● EXERCISE DIRECTIONS
Return every line of the records that includes the string "pieces".

● DATA
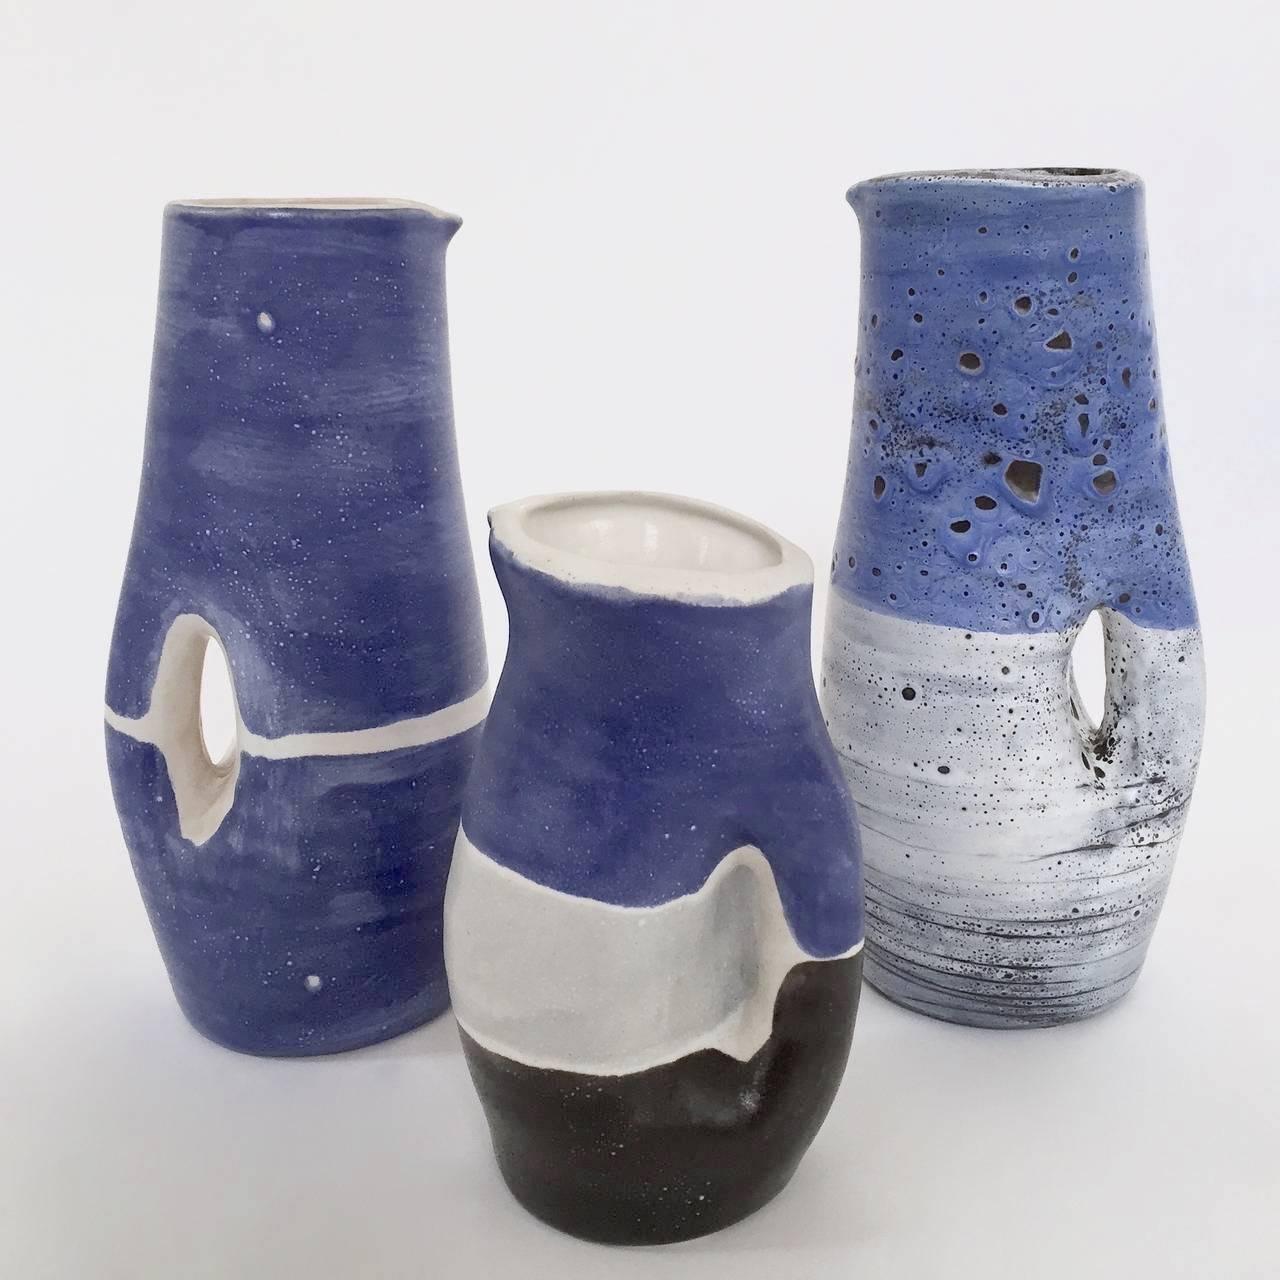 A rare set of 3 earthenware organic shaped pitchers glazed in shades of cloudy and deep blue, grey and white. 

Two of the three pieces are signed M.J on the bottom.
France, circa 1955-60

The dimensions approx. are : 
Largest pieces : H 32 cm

--

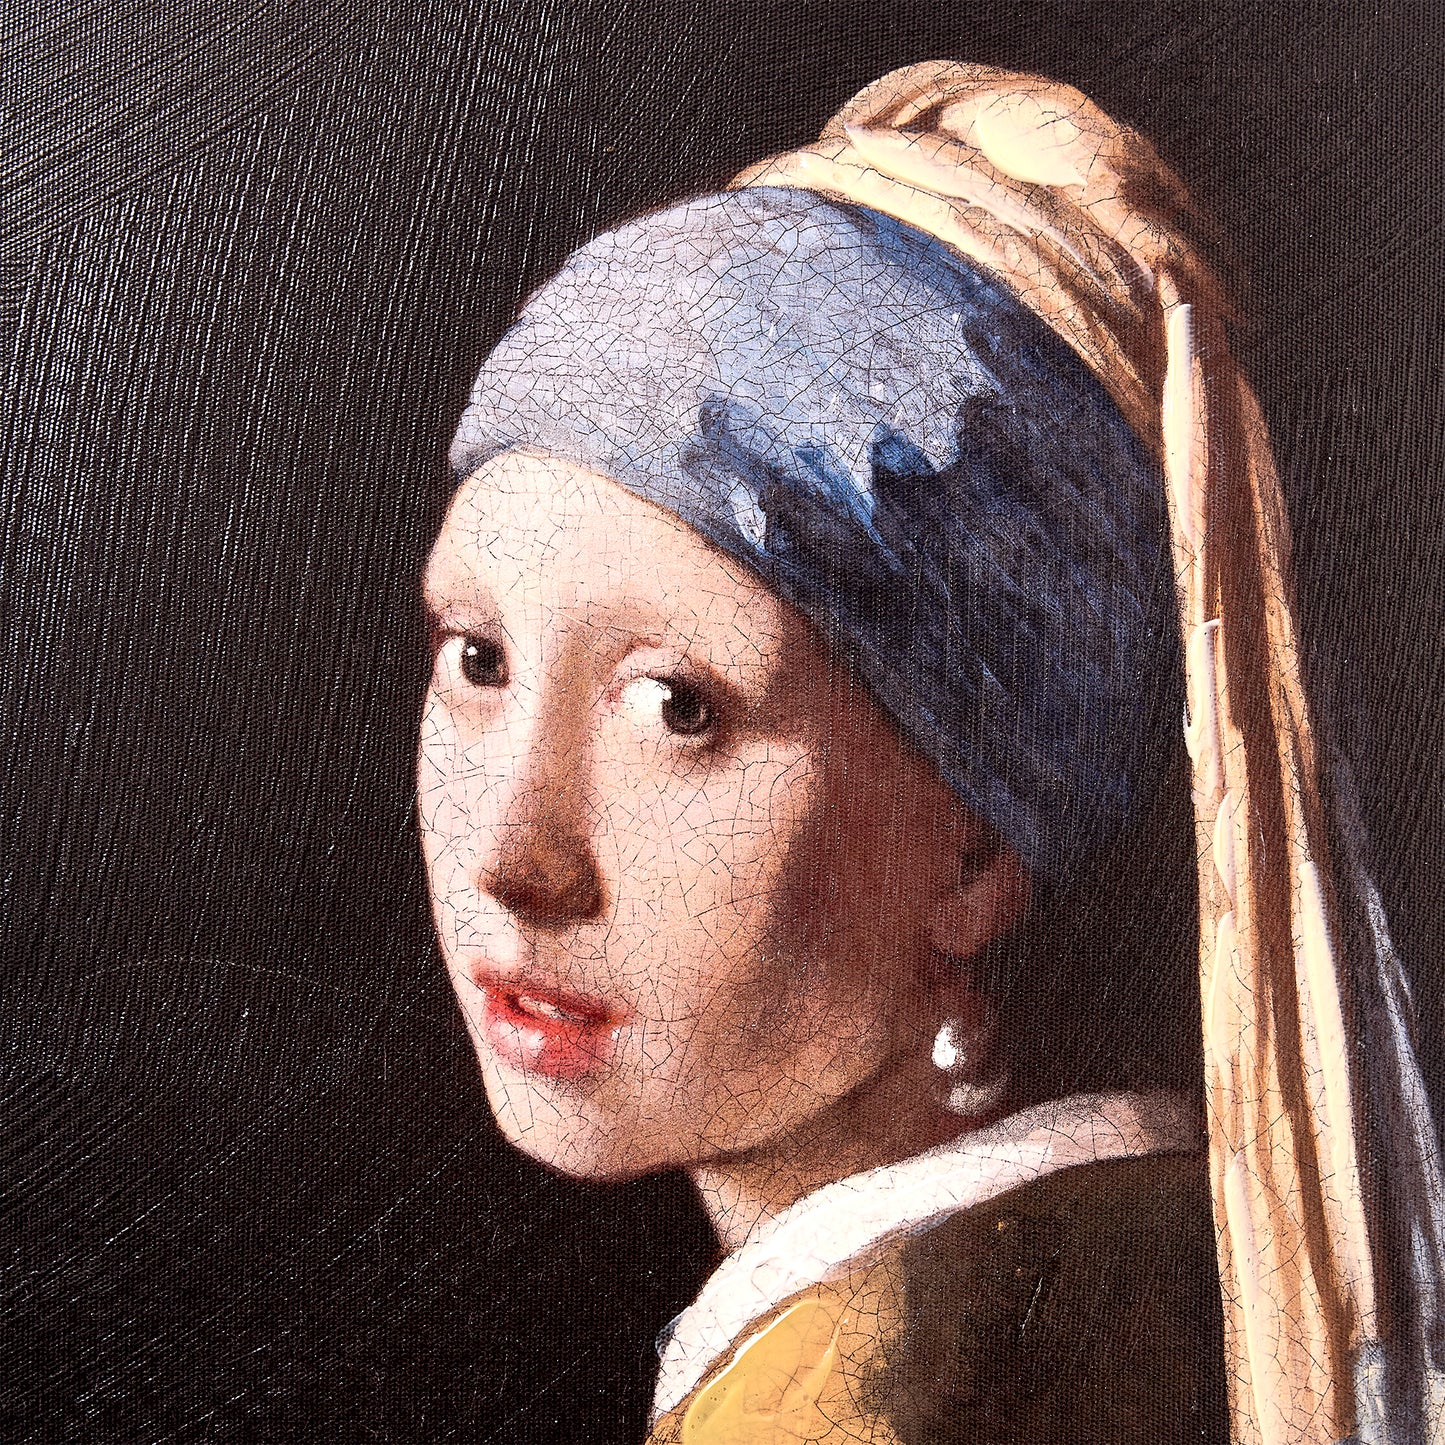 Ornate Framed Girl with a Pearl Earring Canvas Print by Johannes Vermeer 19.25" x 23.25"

● TASK OUTPUT
Two of the three pieces are signed M.J on the bottom.
Largest pieces : H 32 cm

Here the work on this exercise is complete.